Весна - период тщательно прописанных сновидений: жизнь во сне не менее разнообразна и вещна, чем наяву. Особую выпуклость, реальность, зримость ночной жизни добавляет знание о том, что спишь, в то время как днём то и дело забываешься, и тогда явь становится блеклой репродукцией происходящего: фонит, рябит, дребезжит.
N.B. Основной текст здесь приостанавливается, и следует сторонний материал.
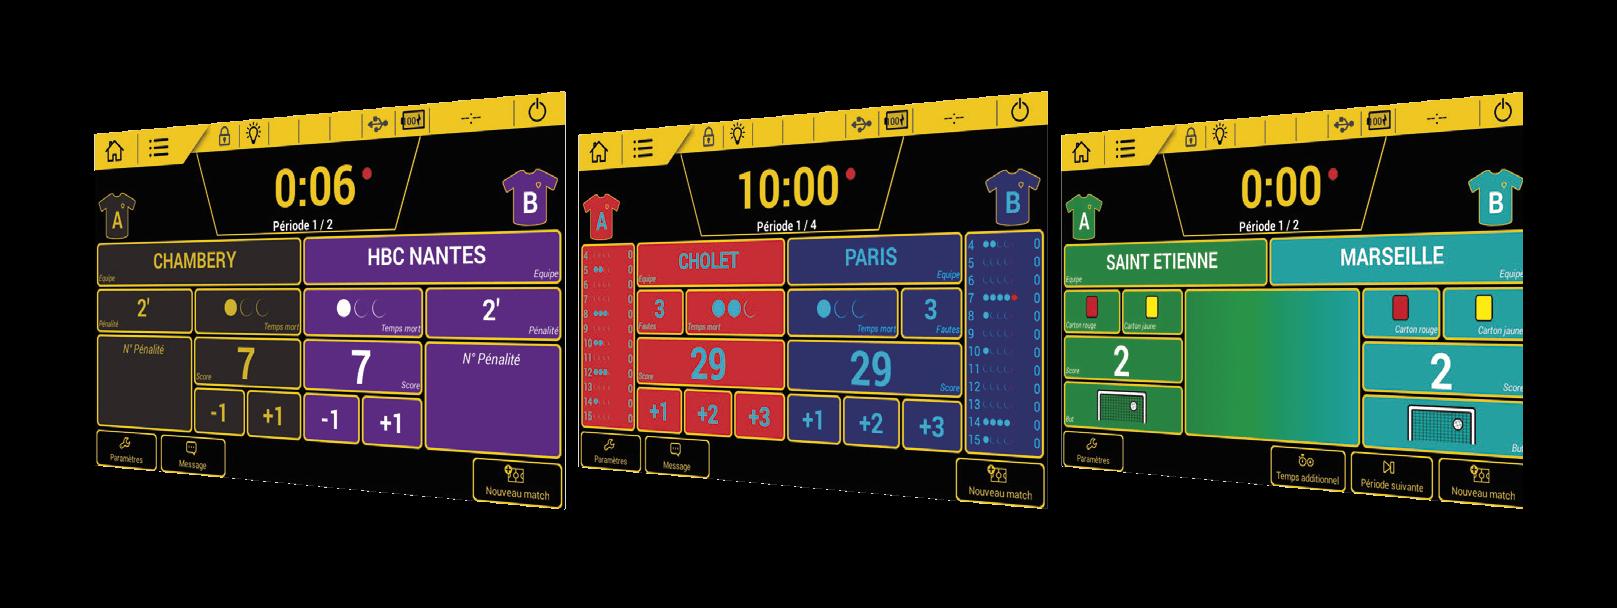 Scorepad - Ultra personnalisable

Появляется ощущение, что прямо сейчас, в данный конкретный момент, в эту самую секунду от меня ускользает нечто важное: нужно сосредоточиться, оставить посторонние дела (все дела кажутся посторонними), припомнить или вернуться (куда?) - ясно, речь идёт о чём-то таком, что ещё мгновение назад было здесь, вот оно: вертится на кончике языка, просится наружу, ждёт мгновения ясности, бодрствования.
События, люди, разговоры, заоконный пейзаж, музыка, новости в интернете, всё то, что при прочих равных обстоятельствах воспринимается как собственно ПРОИСХОДЯЩЕЕ, становится вдруг чем-то совершенно посторонним, сдаёт позиции, отшелушиваясь слой за слоем, обнажая нечто не вполне обозримое, не вполне различимое даже, но - живое и осмысленное.
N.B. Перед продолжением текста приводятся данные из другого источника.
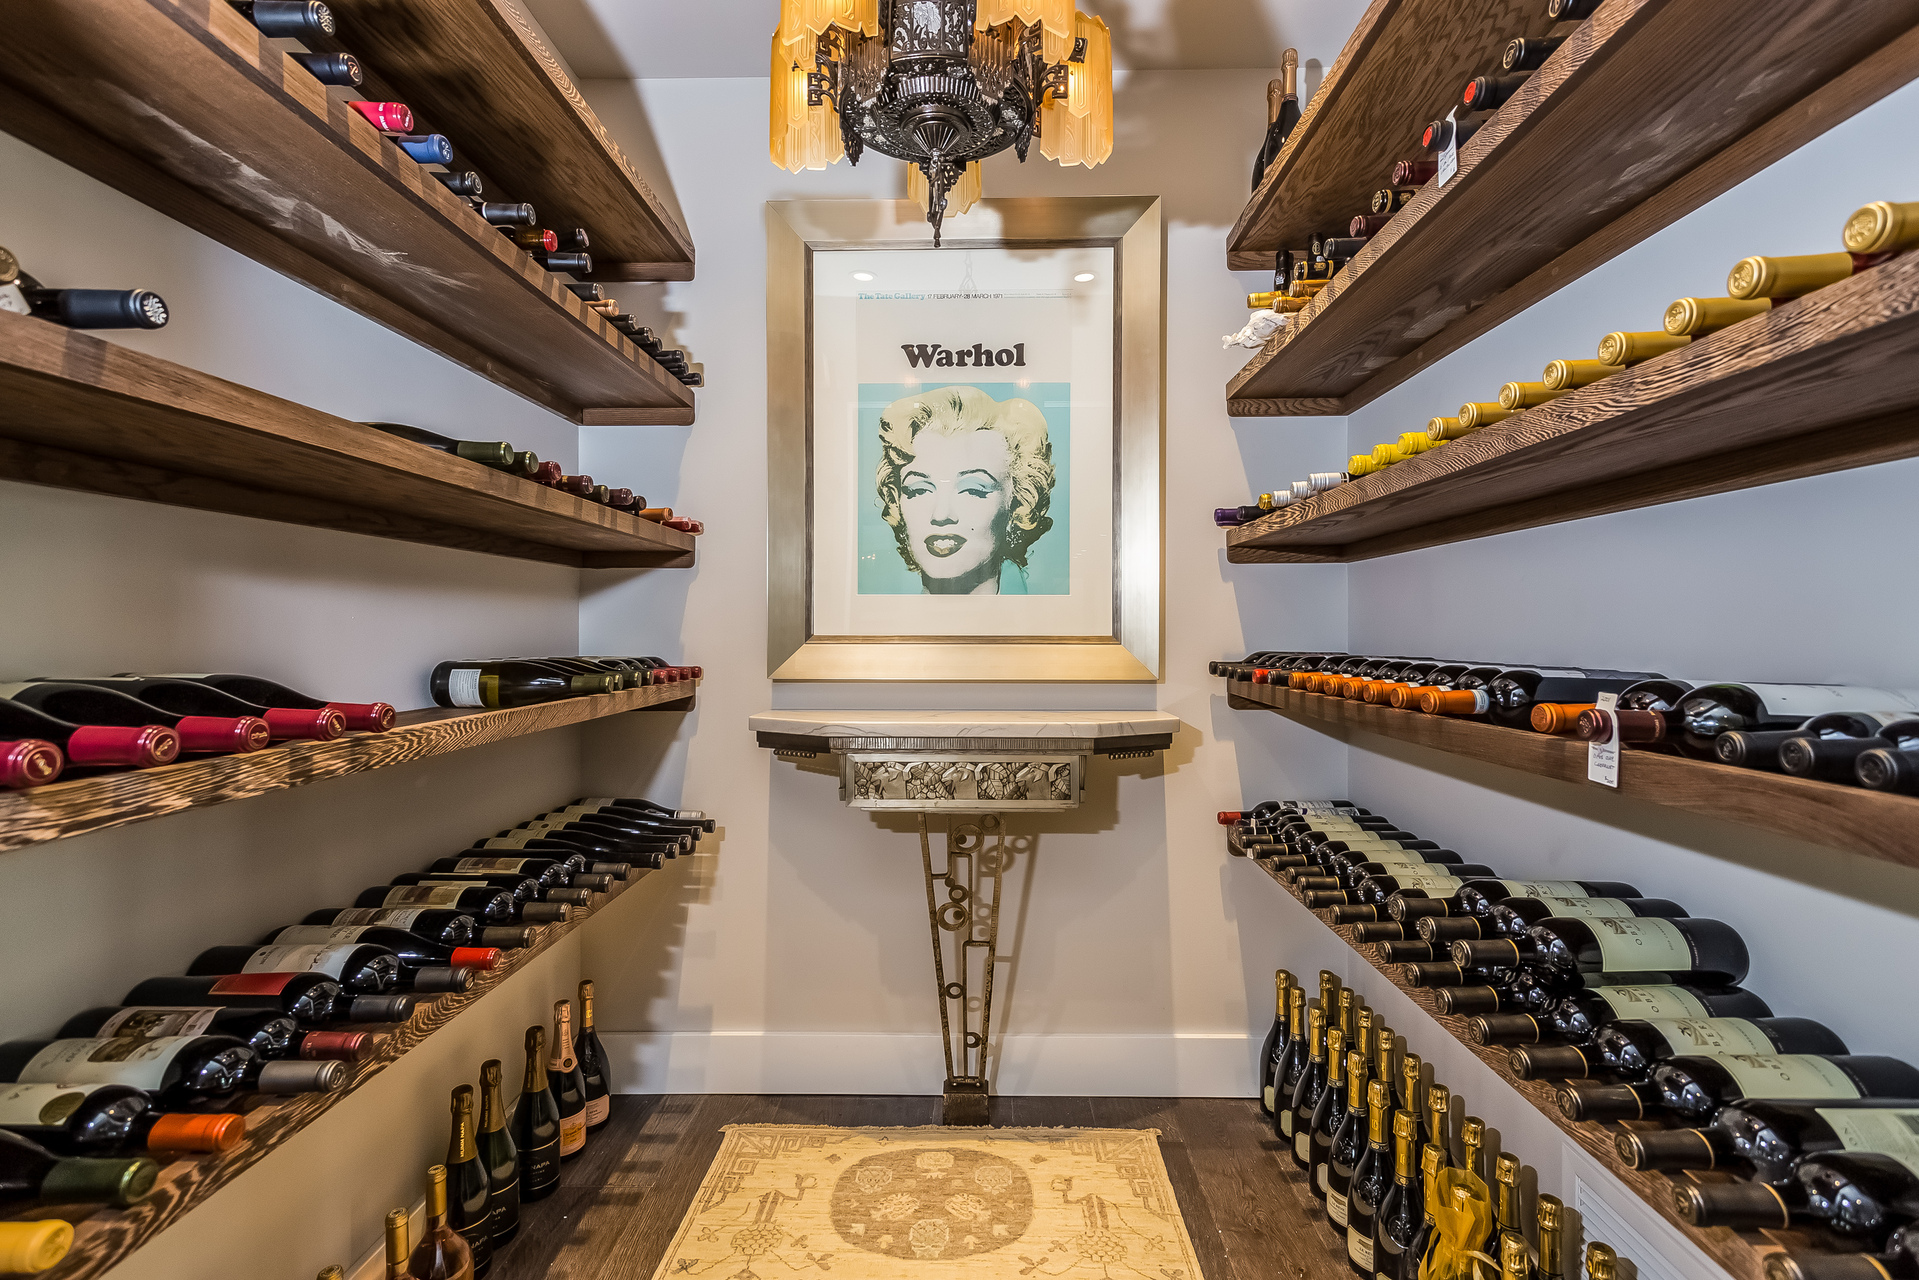 042-Wine_Cellar-4845677-medium
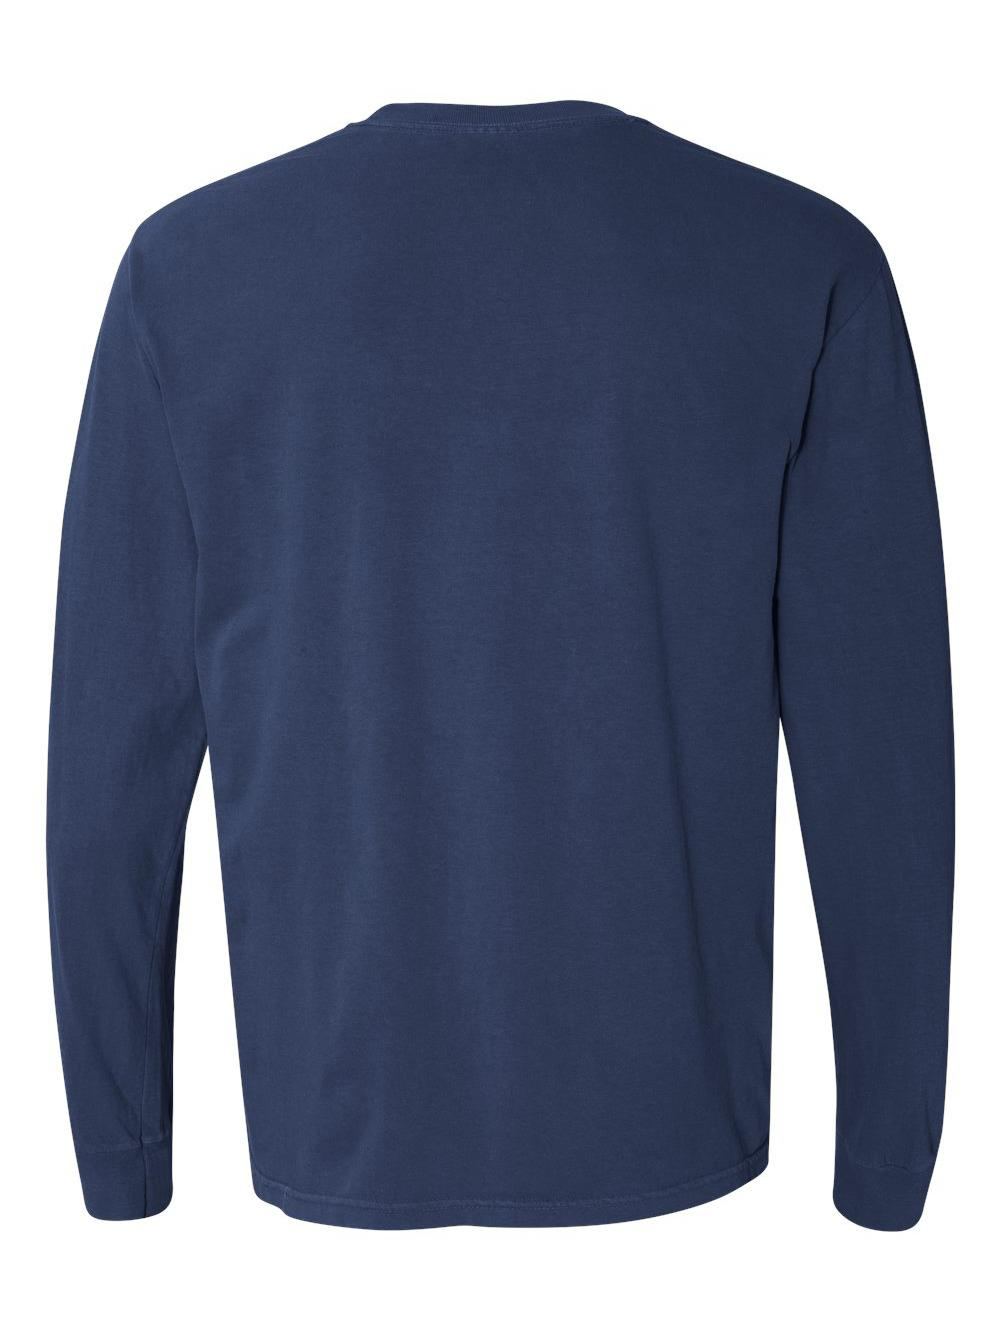 Comfort-Colors-Garment-Dyed-Heavyweight-Ringspun-Long-Sleeve-T-Shirt-6014 thumbnail 64

Последние несколько дней особенно остро чувствую каким именно образом тело - что называется - одухотворяется мною. Довольно непривычное ощущение для того, кто привык в большой степени быть своим телом, отличая себя от тела чаще умозрительно, чем бытийно: если раньше подобный опыт был всегда чем-то экстраординарным, экстремальным, максимально уделённым от повседневности, то последние день или два это ощущение остаётся со мной постоянно. Интересно, что в подобном знании и чувствовании не наблюдается ничего неестественного или, тем более, сверхъестественного, я прихожу к пониманию, что эта двойственность (или даже дискретность) сопровождала меня всегда, но до сих пор оставалась неразличима, как то, что находится слишком глубоко, как фон, как задник. Тело при этом не воспринимается как внешний или посторонний предмет, но, скорее, как нечто, находящееся внутри, как некий внутренний орган, и это различение не приводит к разъятости, но воспринимается как осознанная и упорядоченная цельность: всё на своих местах, всё живёт, всё дышит, всё движется.
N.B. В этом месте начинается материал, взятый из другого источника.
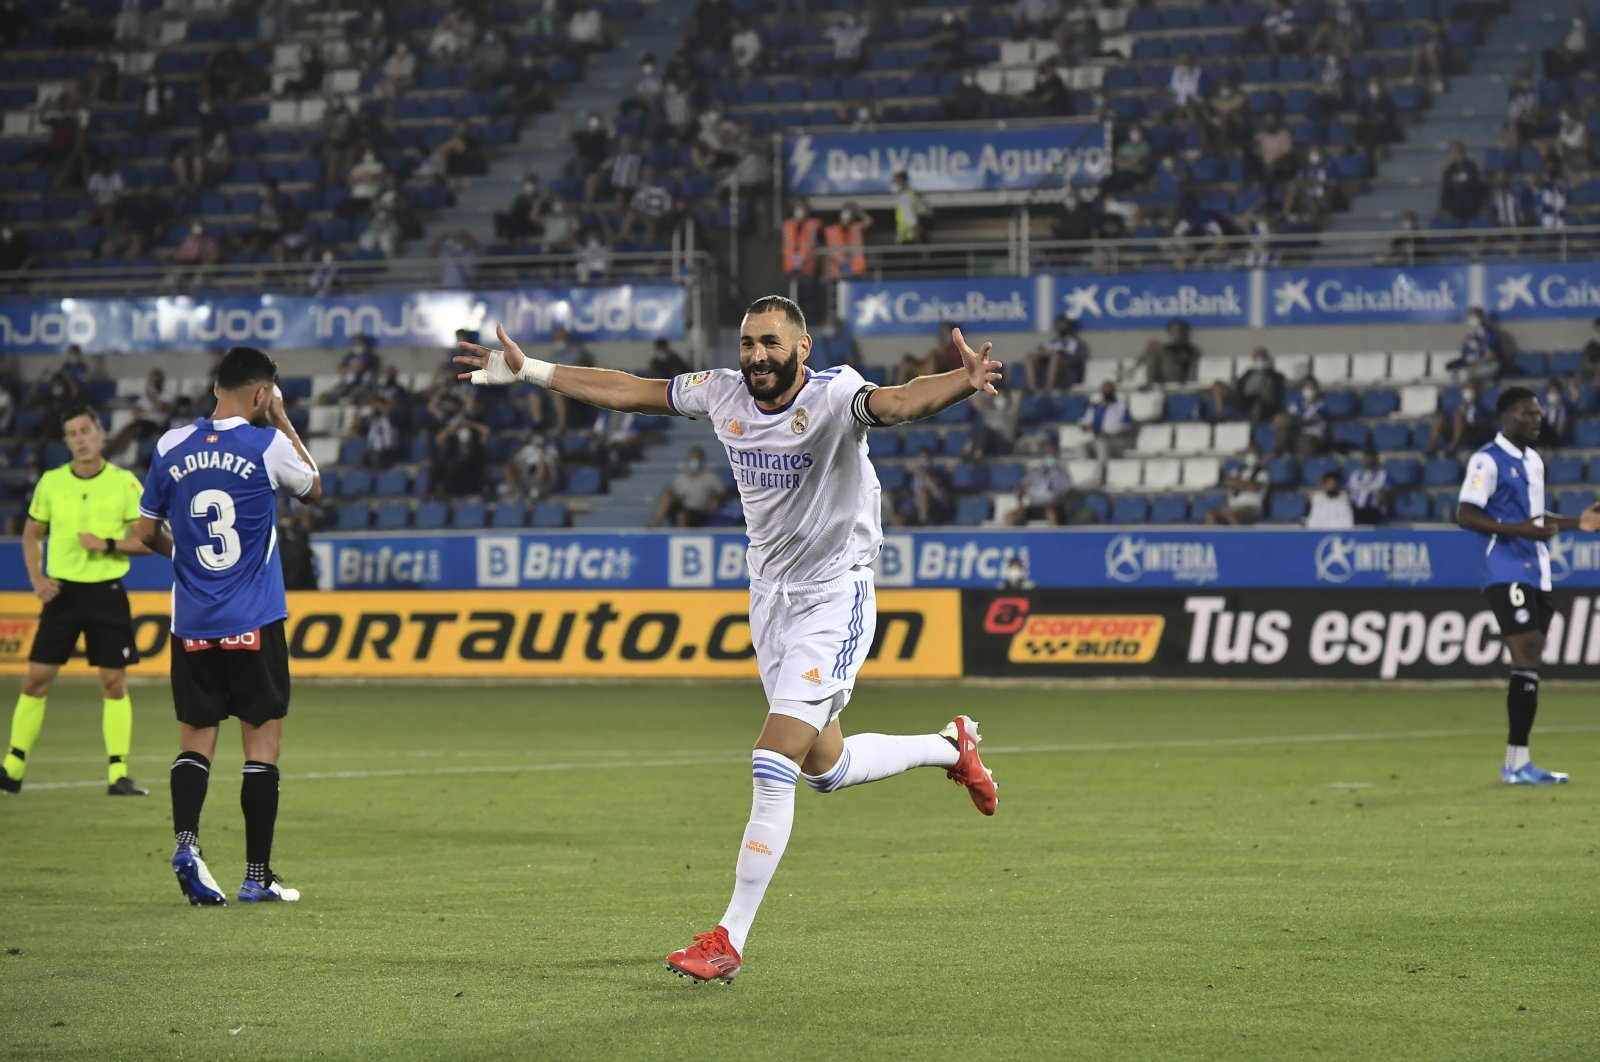 Real Madrid's Karim Benzema celebrates scoring his side's third goal during a Spanish La Liga match against Alaves at the Mendizorroza stadium in Vitoria, Spain, Aug. 14, 2021. (AP Photo)

Ходил в лес перенимать повадки деревьев. Деревья умеют стоять - как никто другой.
Примат - существо безалаберное: постоит и уйдёт.
Дерево стоит так, будто оно - единственное в своём праве: якорь мироздания. Пока корень в земле, небеса вращаются беспрепятственно.
После нескольких дождливых дней всё преобразилось: лес вымыли и причесали, поляны стали похожи на маленькие болотца: следы ботинок наполняются водой после каждого шага.
Воздух можно кусать и держать во рту, словно мёд.
Наблюдал медленный восход неба над монастырём молчальников. Молчальники звонили в колокол - звали жить в тишине с б#жьей помощью. Но я сел под ель, сложил руки и сидел с б#жьей помощью под елью.
Хвойные ванны - это когда хвоя везде, прежде всего - в желудке и лёгких. Лёгкие наполняются хвоей на вдохе, а на выдохе хвоя оседает на дне телесной реторты - как снежинки или песчинки в паузах между порывами ветра. Ещё немного, я бы сам зазвенел как колокол, и созвал бы молчальников принять с б#жьей помощью хвойную ванну - в лесу, под мартовской елью. Звук цвета начищенной меди рождался в утробе, прокатывался - резонируя в фасциях, выплёскивался наружу, хвойные чешуйки поблескивали как золотые, медленно сыпались в воздухе.
Нам кажется, что ель пребывает в неподвижности (деревья стоят и, по-видимому, большую часть своего срока проводят во сне). На самом же деле каждое мгновение своей жизни дерево переживает не менее ярко, чем мы, оно всегда занято, при этом прекрасно осознаёт себя - от корней до кончиков листьев, и всё в нём движется, дышит, живёт.
Просто поразительно - как немыслимая сложность может в то же время быть чем-то цельным и естественным. Единое исчезает в дышащем и множащемся многообразии, и превращается в собственную противоположность, то вдруг - рассыпается на мельчайшие осколки, то снова собирается воедино.
Похожим образом являет себя лист дерева - вблизи он кажется лесом.